From the estimated distance, the best matching unit is identified by applying the immune clonal selection [17] approach which was explained as follows. From the best matching unit the input vectors are traced across the input vector space for selecting the best features. The feature matching has required for the input weight updating process which is calculated as follows.

W_v (s+1)=W_v (s)+Θ (u, v, s) α (s) (D (t)-W_v (s)) → (2) where, W_v represents that the node v current weight vector, s is the current iteration, Θ (u, v, s) is the distance of best matching unit usually called as the neighbourhood function, α (s) is the learning restraint D (t) target input vector. Then the weight updation process is repeated until to satisfy the threshold value. The selected features are used during the mapping. In the mapping, the similar features are grouped together and form the cluster which is used for further pre-processing and feature selection process.

Immune clonal selection algorithm: Immune clonal selection algorithm [18] works based on the immune response system which means it works how the antibodies of the immune system learn the features from the antigen.
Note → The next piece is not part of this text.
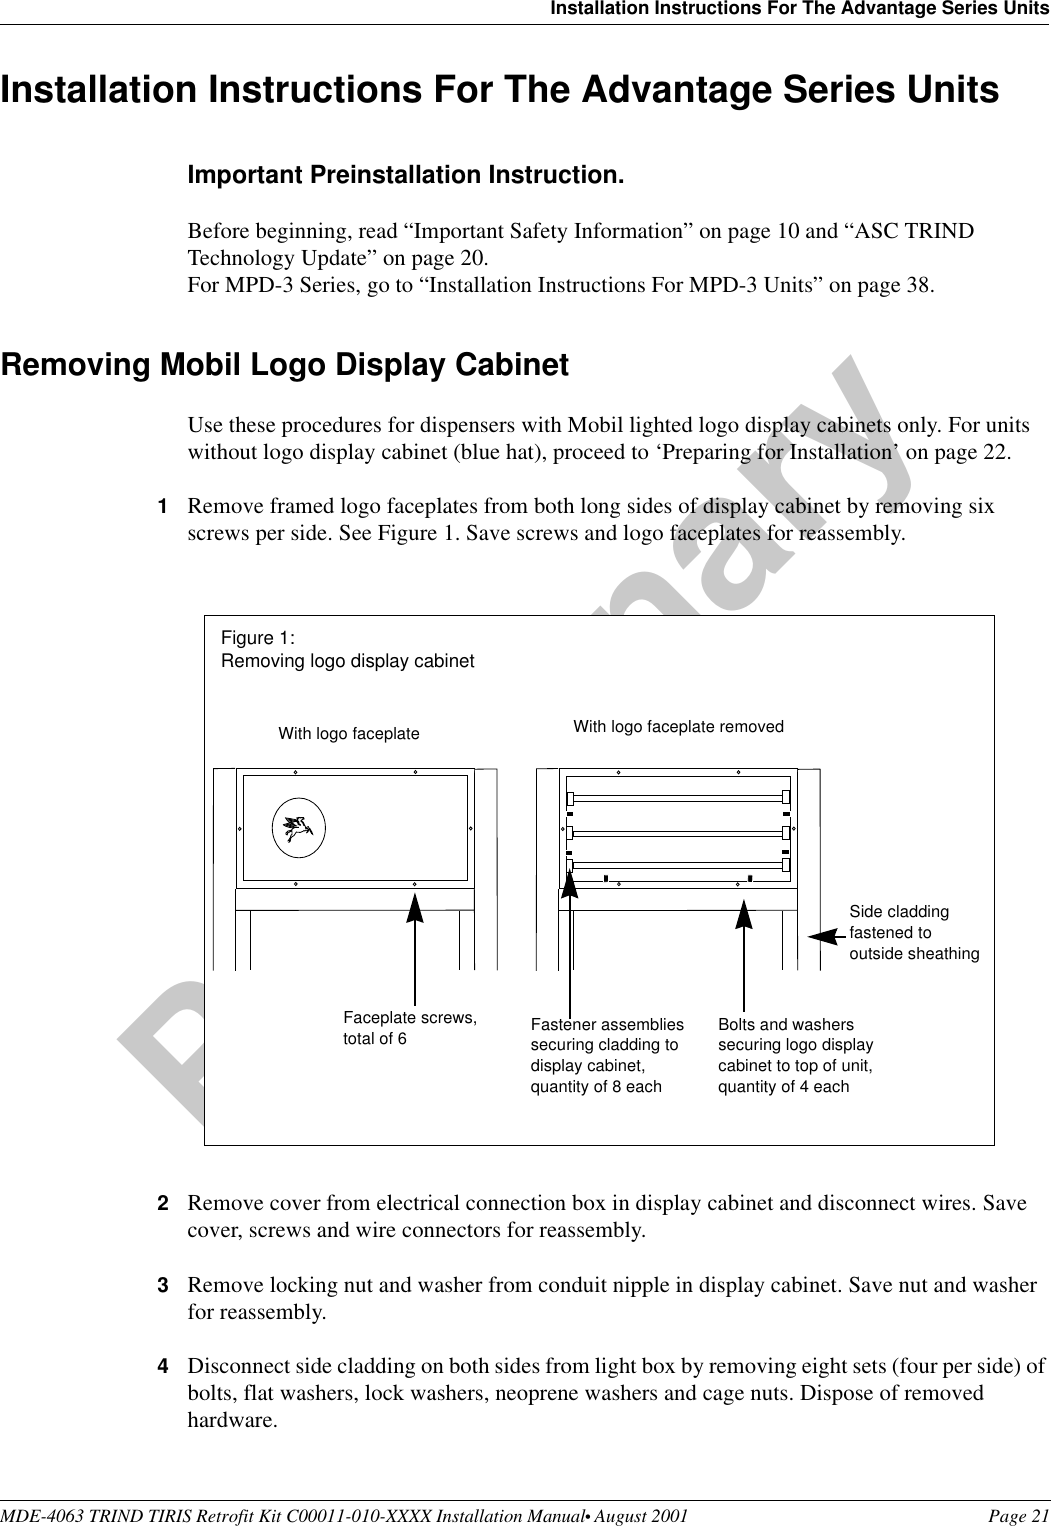 MDE-4063 TRIND TIRIS Retrofit Kit C00011-010-XXXX Installation Manual• August 2001 Page 21Installation Instructions For The Advantage Series UnitsPreliminary08-24-01Installation Instructions For The Advantage Series UnitsImportant Preinstallation Instruction.Before beginning, read “Important Safety Information” on page 10 and “ASC TRIND Technology Update” on page 20.For MPD-3 Series, go to “Installation Instructions For MPD-3 Units” on page 38.Removing Mobil Logo Display Cabinet Use these procedures for dispensers with Mobil lighted logo display cabinets only. For units without logo display cabinet (blue hat), proceed to ‘Preparing for Installation’ on page 22.1Remove framed logo faceplates from both long sides of display cabinet by removing six screws per side. See Figure 1. Save screws and logo faceplates for reassembly.2Remove cover from electrical connection box in display cabinet and disconnect wires. Save cover, screws and wire connectors for reassembly.3Remove locking nut and washer from conduit nipple in display cabinet. Save nut and washer for reassembly.4Disconnect side cladding on both sides from light box by removing eight sets (four per side) of bolts, flat washers, lock washers, neoprene washers and cage nuts. Dispose of removed hardware.Fastener assemblies securing cladding to display cabinet, quantity of 8 eachWith logo faceplate With logo faceplate removedBolts and washers securing logo display cabinet to top of unit, quantity of 4 eachSide cladding fastened to outside sheathingFaceplate screws,total of 6Figure 1: Removing logo display cabinet

Initially the features (antibodies) are collected from the SOM training process then the affinity values of the antibody is estimated that is used when selecting the best matching unit. The affinity values have to be sorted for choosing the best features (antibodies). The selected features are mutated according to their affinity values. If the features are having the high value than it has to be cloned for less value else it has to be mutated highest value. Then the optimal features are selected using this mutation and cloning operation. This process is continued until to cluster the data’s in the largest data set. The feature subset selection Algorithm step is list out as follows.

Steps for feature subset selection

Step 1: Identify the dataset for selecting subset

Step 2: Assign the initial weights for each data in the data set

Step 3: Calculated the similarity between the data’s by Mahalanobis distance

equation

Step 4: Select the best matching unit by immune clonal selection approach

Step 5: Updating each data’s weights according to their important in the data base by

equation

Step 6: Repeat the above steps 3 to 5.

Step 7: Mapping the each similar data’s into the single group (cluster)

Step 8: Select the minimum distance and minimum similarity clusters for further processing.

Step 9: Stop the condition at maximum condition.

By applying the above procedure, the feature subset has to be selected for further ovarian cancer identification and classification process.

Feature subset pre-processing

The feature subset selection process reduces the dimensionality of the features it makes easy to further classification process. The selected subsets have to be pre-processed for removing the noise from the data set that will be helpful during the classification for obtaining highest classification accuracy. The largest data set has to be pre-processed by using the two important steps. Weighting [19] and discretization [20] which is defined as follows,

Pre-processing by weighting approach: The subset selection process, selects the only relevant information and similar information, during that process each data has particular weights. The information weights are ranks are used in the preprocessing stage. Initially the information’s weights are analysed and eliminating the lowest weight because the lowest rank data does not provides any valuable information during the classification. The lowest rank data does not improve the accuracy at time of classification but it reduces the time and the efficiency of the classifier.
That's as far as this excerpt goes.